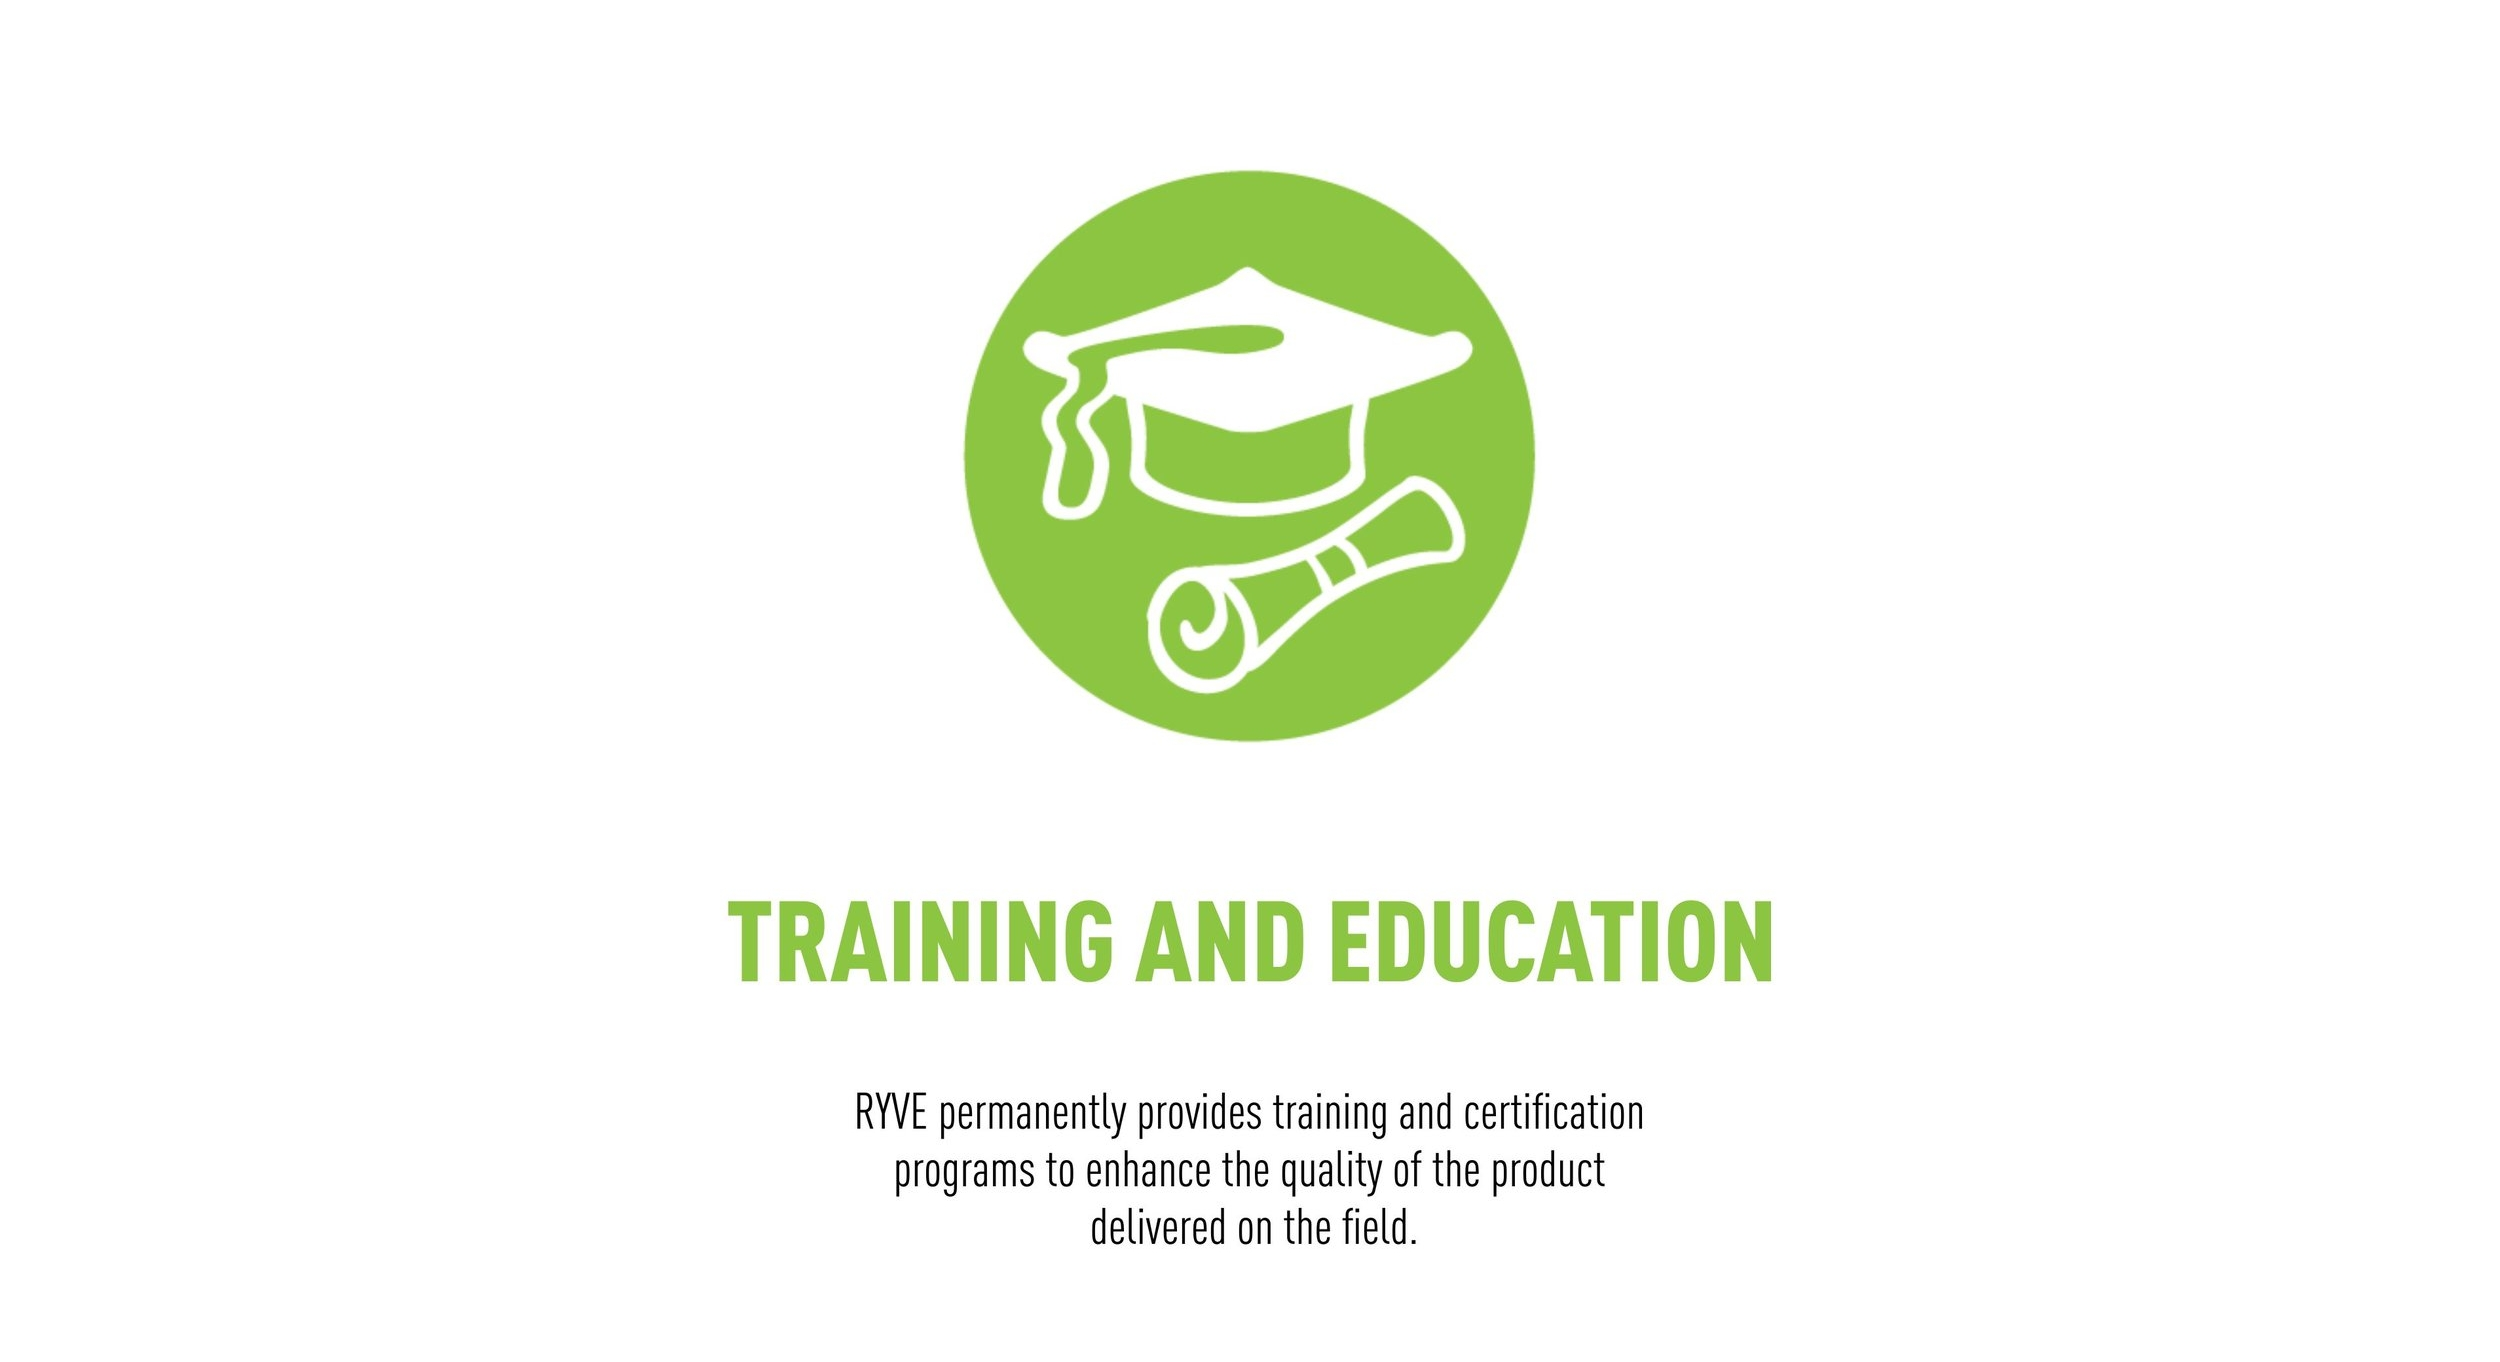 TRAINING AND EDUCATION 2.jpg
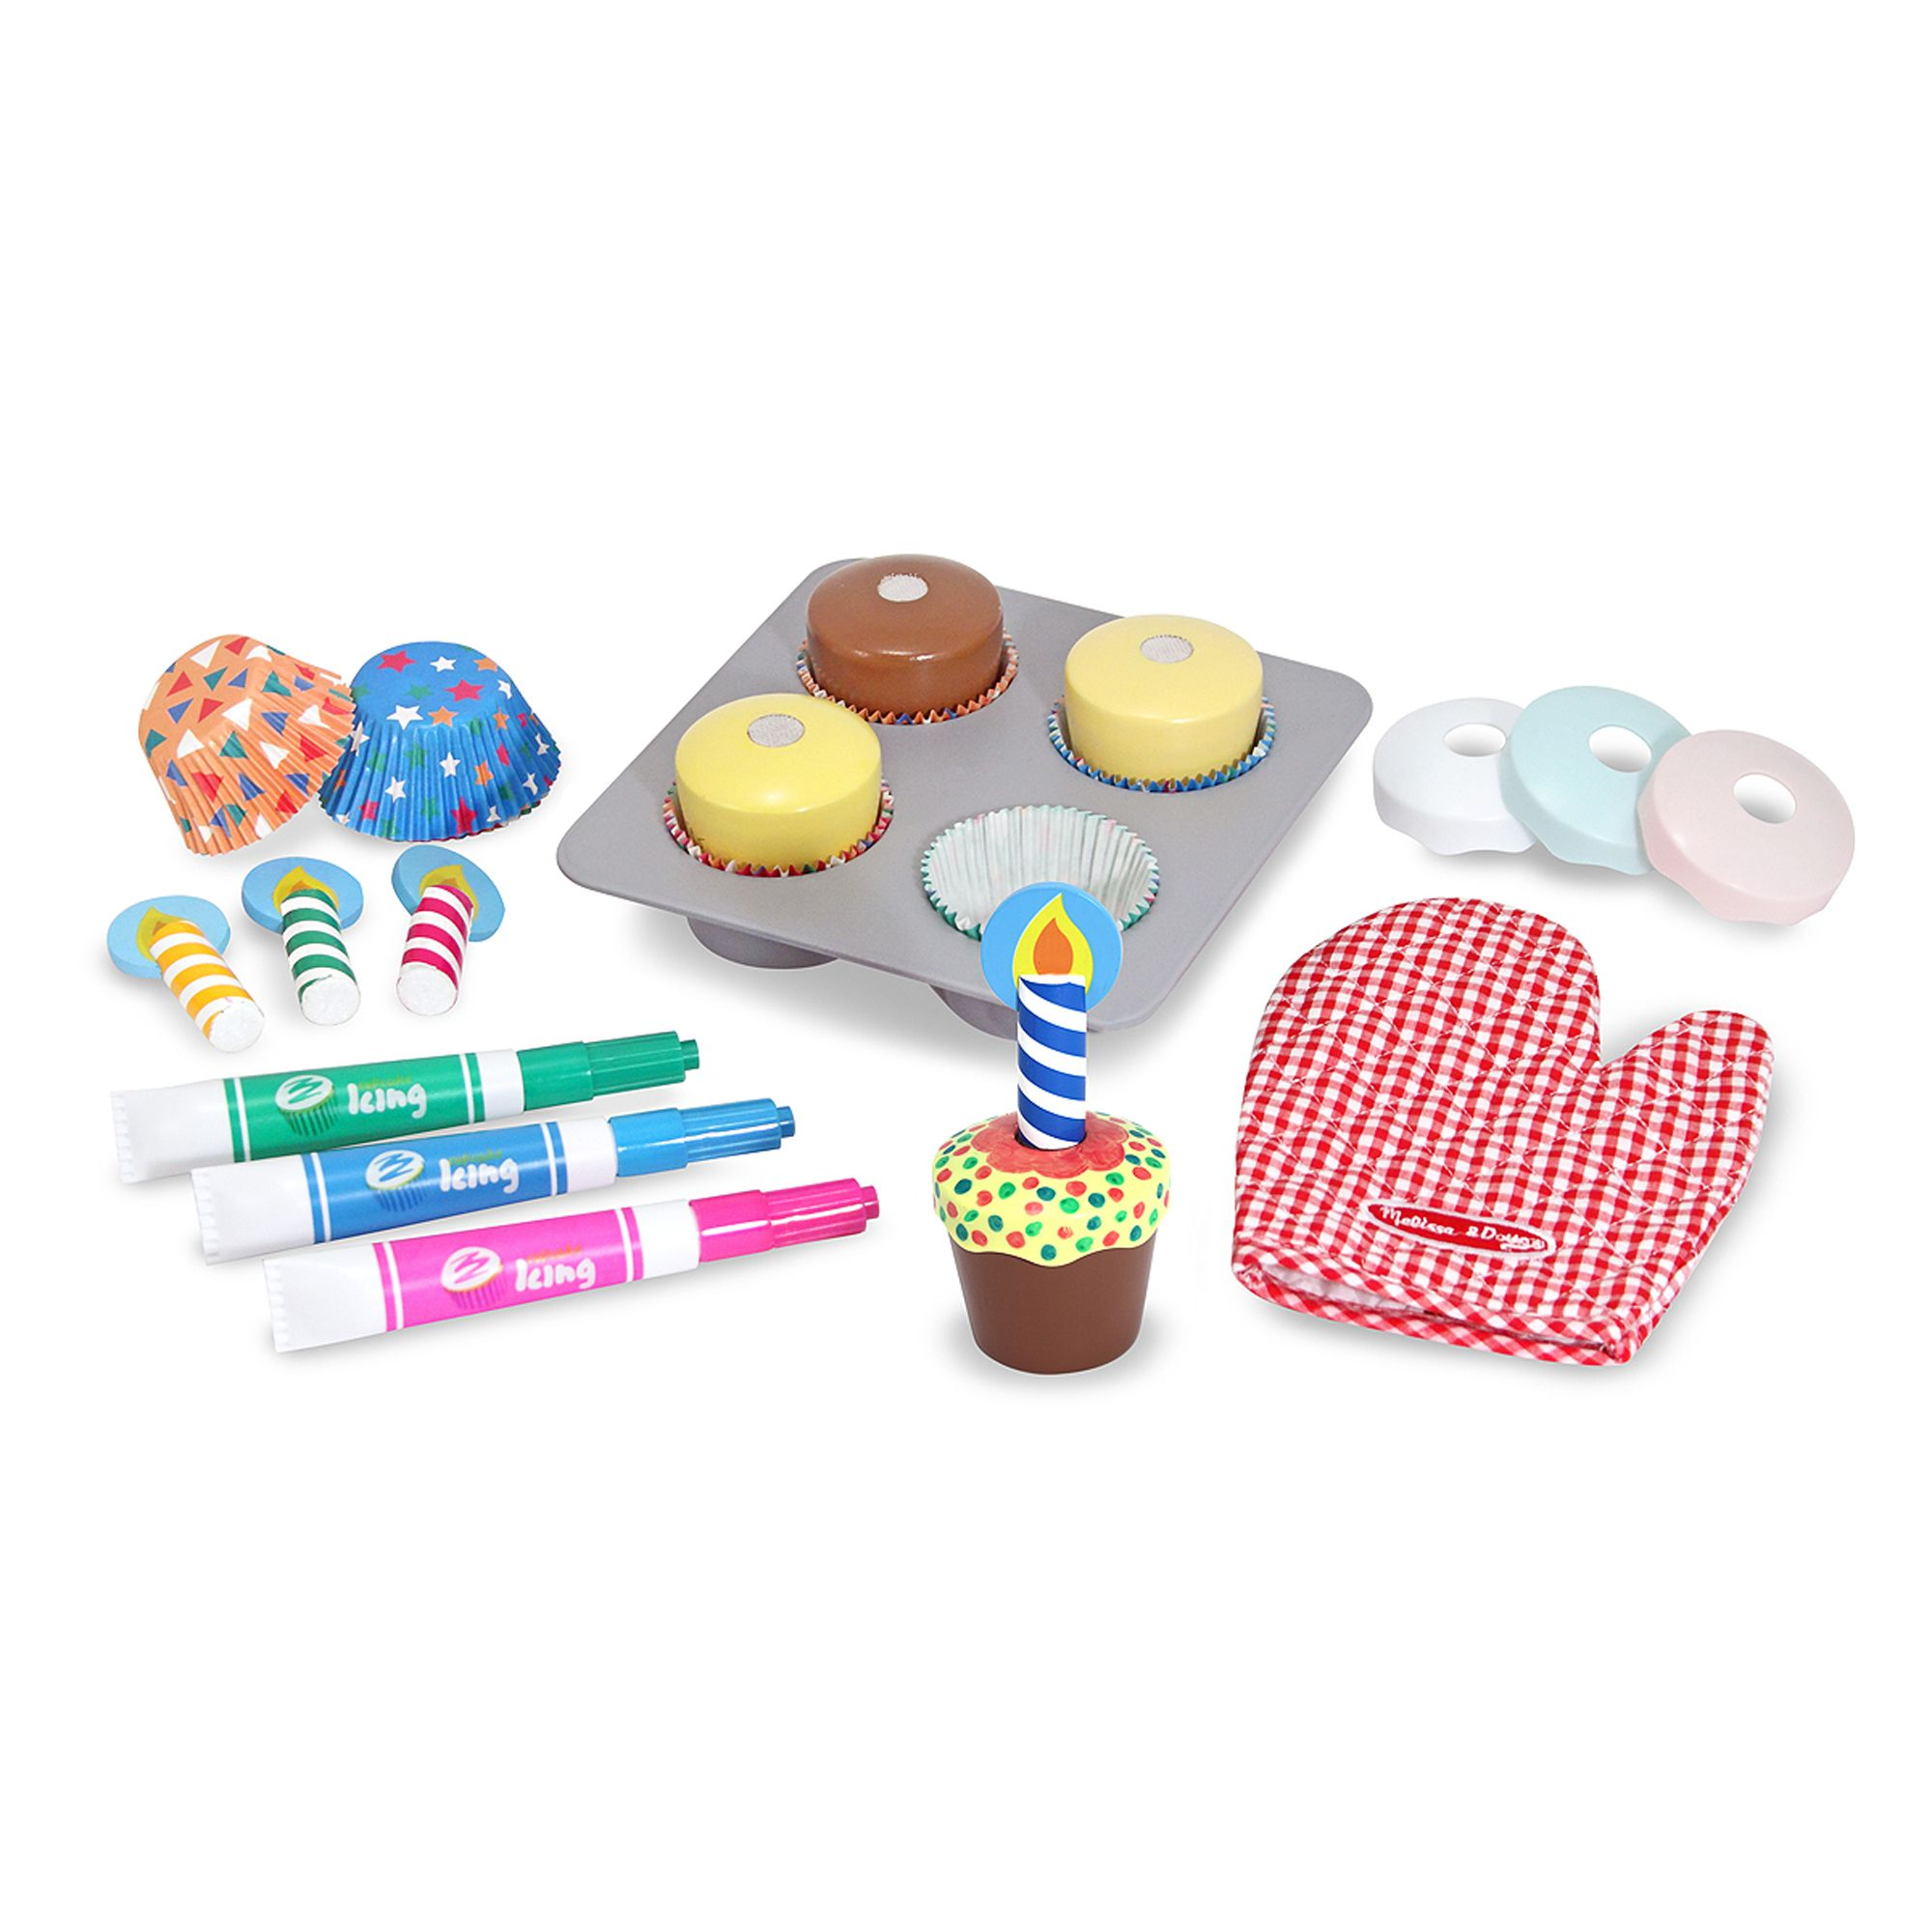 Melissa & Doug - Bake & Decorate Cupcake Set (14019)
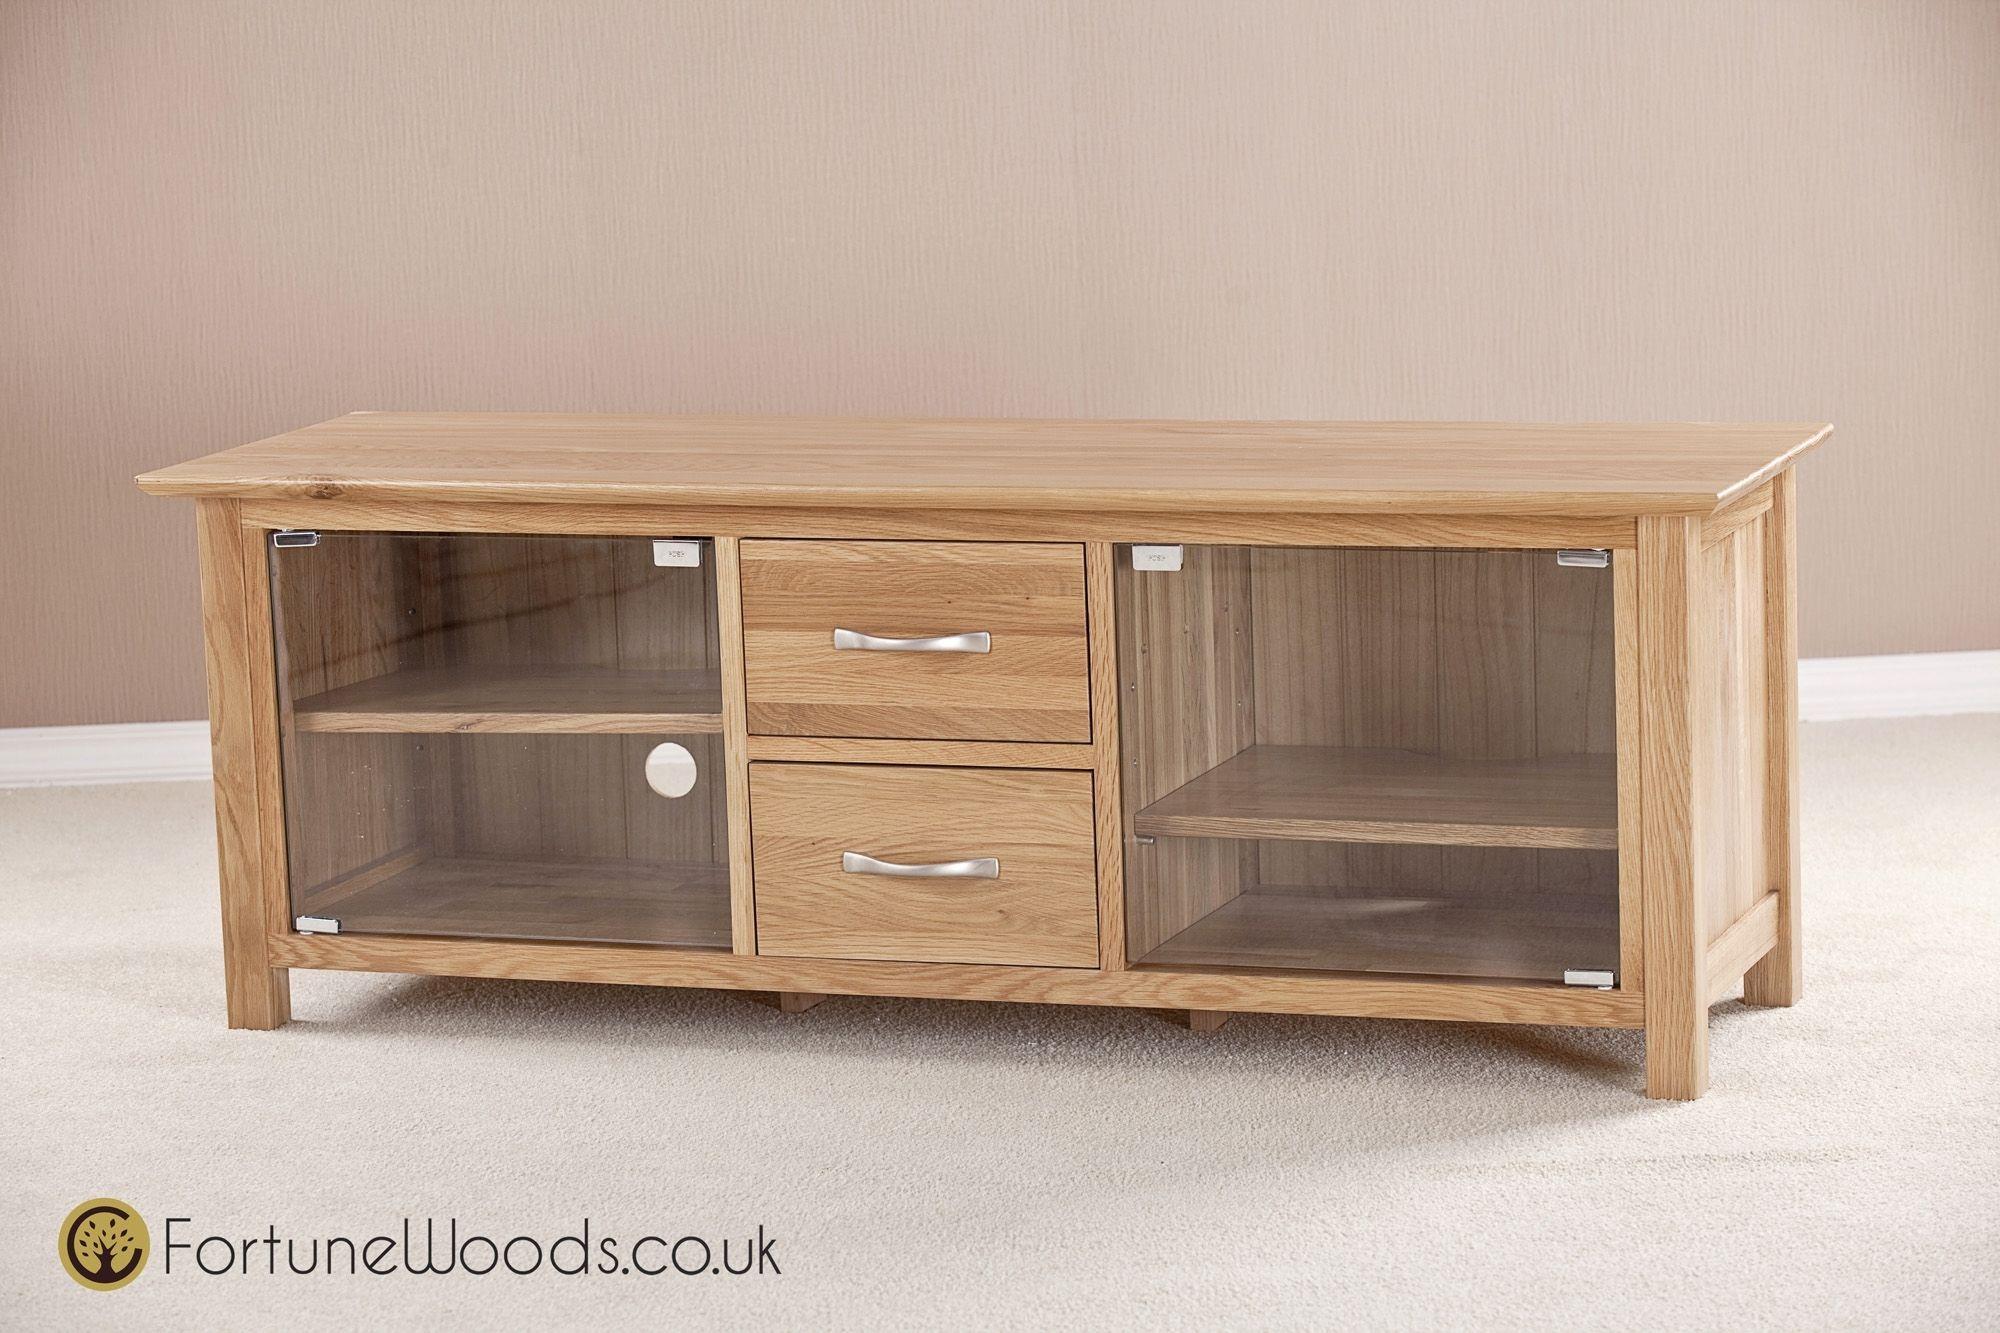 Oak Tv Cabinet With Glass Doors Http Betdaffaires Com
——————
▶ [Instructions for the task]
In the listing above, find the line containing "Melissa & Doug" and restate it and every later line verbatim, with the pictures left out.

▶ [Result of this task]
 Melissa & Doug - Bake & Decorate Cupcake Set (14019)
 Oak Tv Cabinet With Glass Doors Http Betdaffaires Com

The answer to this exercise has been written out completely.